Classic Rendevous ("resume" and membership required even to read this forum) - these are all google groups, and have many bike shop owners and bloggers
https://groups.google.com/forum/?fromgroups#!forum/rbw-owners-bunch 
https://groups.google.com/forum/?fromgroups#!forum/internet-bob 
https://groups.google.com/forum/?fromgroups#!forum/classic-rendezvous-lightweight-vintage-bicycles (a lot of ebay sellers here)  
Great buying and selling in the google groups, great photos, and great technical discussions




 from Frank Wolner, Trout Hunting




a couple of great blogs, The Lovely Bicycle and Off the Beaten Path - these are frequently discussed and linked on the google groups
http://lovelybike.blogspot.com/
https://janheine.wordpress.com/ - Jan Heine of Compass Bicycles  

right now I'm sitting beside Jan's classic bike calendar - this month's photo is a gorgeous Rene Herse Technical Trials with a dual-cable shifter

here's one of my favorite posts from Jan's blog, which best describes the origin of the modern lightweight bike - Rene Herse and Alex Singer (imagine Paris with No cars)
https://janheine.wordpress.com/2013/12/06/cycling-under-the-german-occupation/

here's my google page https://plus.google.com/u/0/109016132995287077684/posts
I don't post on it a lot, but the Raleigh head-tube avatar is what I use on google groups.  
The Golden West avatar is from fly fishing...
and if that interests you, here's my fly fishing and vintage tackle page
http://bulldog1935.u.yuku.com/

heading out now for maiden ride on my Viner upright.


----------



## Dale Alan (Mar 22, 2015)

Thank you,some great stuff there. I just took a quick tour of the links,I have some reading to do now. Exactly what I was looking for. It has been many years since I fished. I never perfected my cast,but I sure enjoyed my time at the vise. That was back in the late '70s,I was the only one in my high School doing it .My buddies thought I was nuts. We fished the Adirondacks and the foothills,mostly with spinners and worms. Caught some nice brookies and the occasional brown or rainbow . Thanks again,hope the maiden voyage went well.


----------



## bulldog1935 (Mar 23, 2015)

forgot the most basic point - these are all lovers of steel bikes.  RBW and IBOB are "imbibers of Grant Petersen Kool-Aid"
while CR is much more aimed at Italian racing bikes and collectors (with plenty of room for Puegeot and Paramount)
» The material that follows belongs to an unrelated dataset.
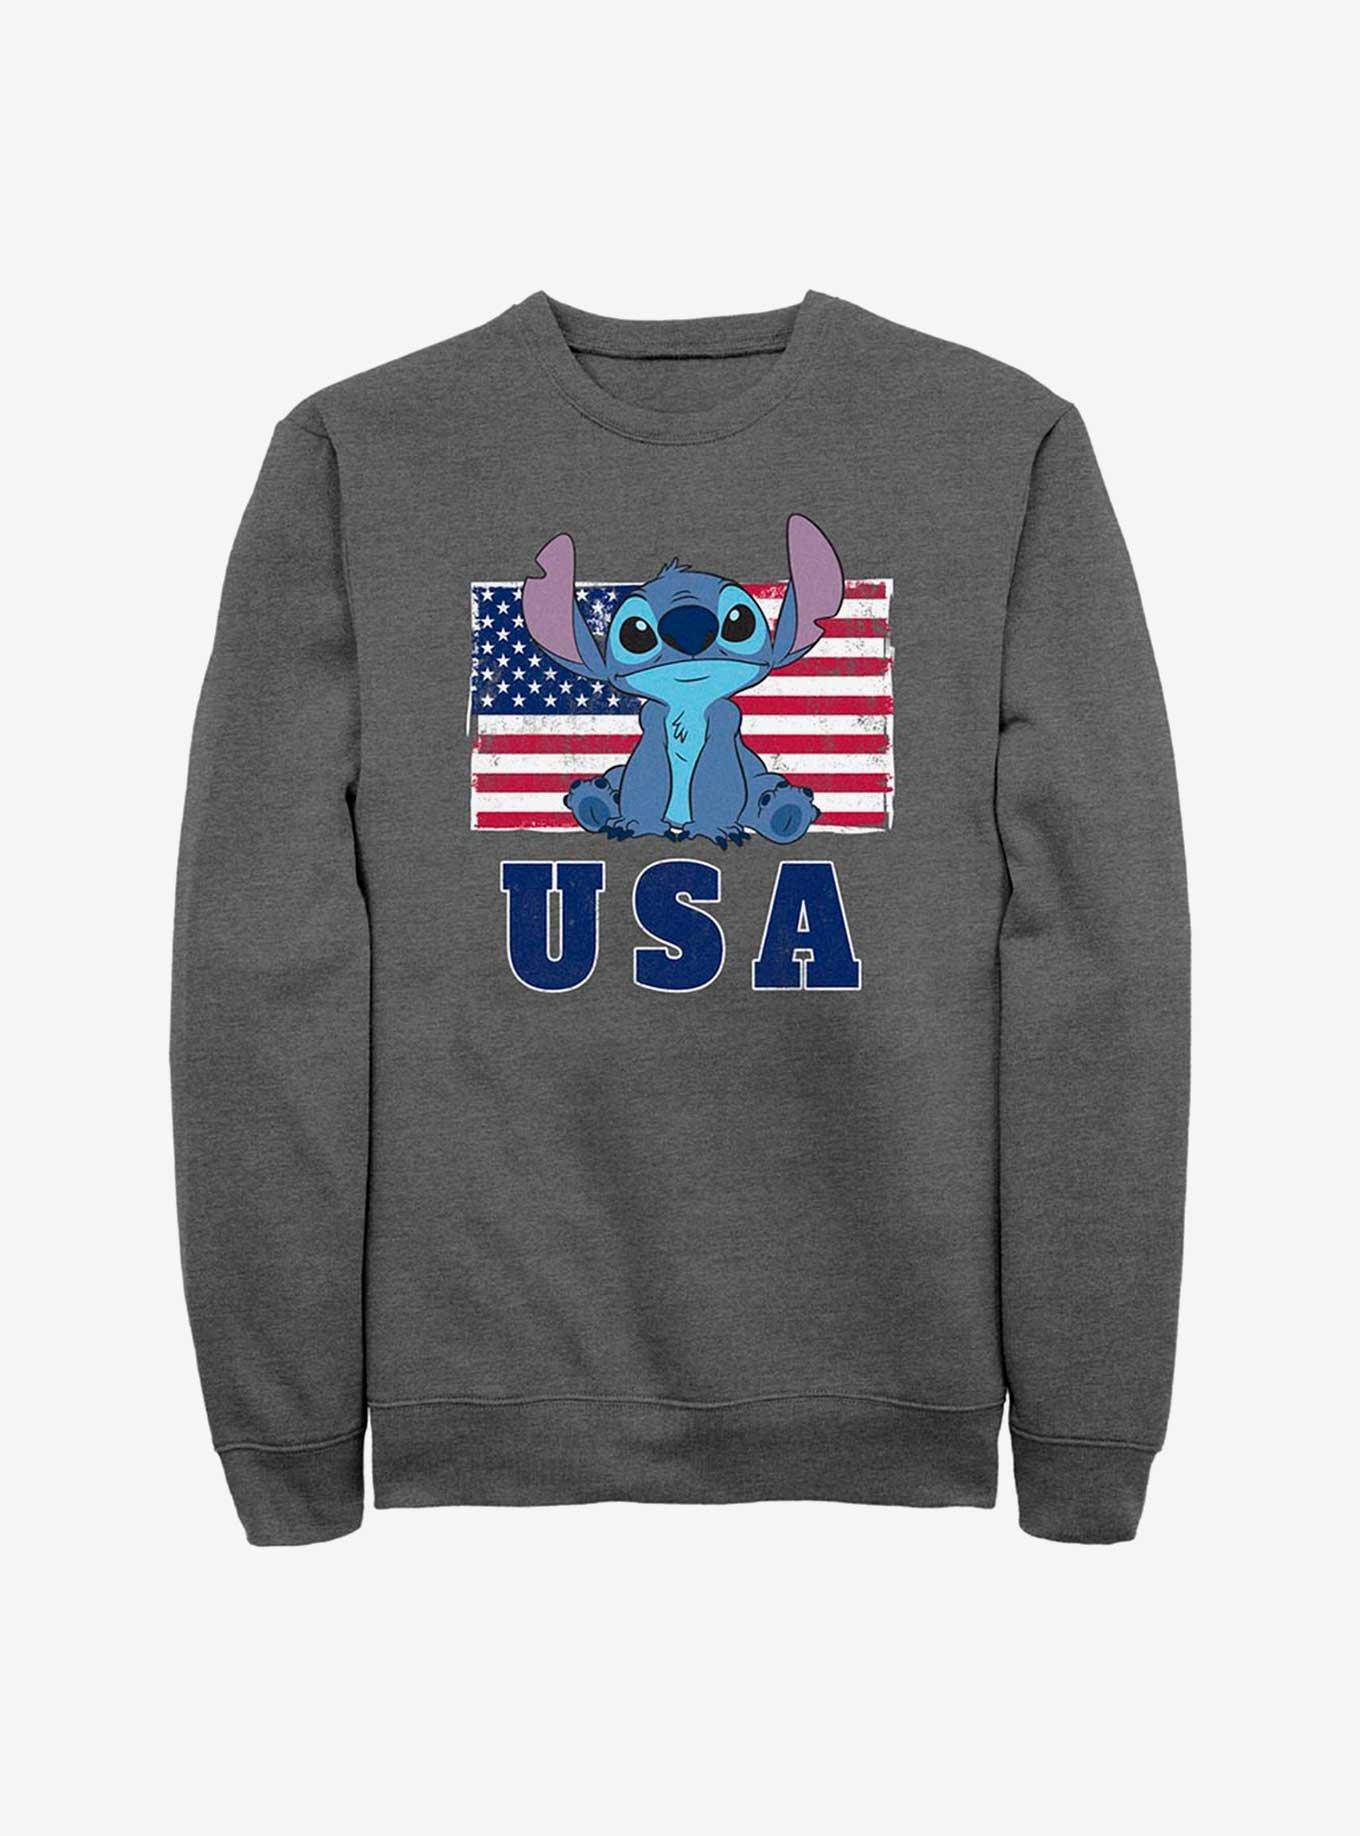 Disney Lilo & Stitch America Sweatshirt, CHAR HTR, hi-res

Grant designed frames and ran Bridgestone US bikes for the Japanese company.  
Grant writes great copy and the late Sheldon has most of the old Bridgestone catalogs on-line.  
http://sheldonbrown.com/bridgestone/ 
http://sheldonbrown.com/bridgestone/#catalogues 
After Bridgestone ended their bikes and US operations, Grant began designing his own bikes under Rivendell (though Bridgestone bikes were his, too).  
Rivendell bikes are arguably the pinnacle of steel bikes, all purpose-designed by Grant.  They hold their value extremely well in the resale market.  
(even in accessories, Grant limits editions, so the the bags he sells hold their value)
Their market is principally grown-ups who don't have anything to prove to weight-weenies.  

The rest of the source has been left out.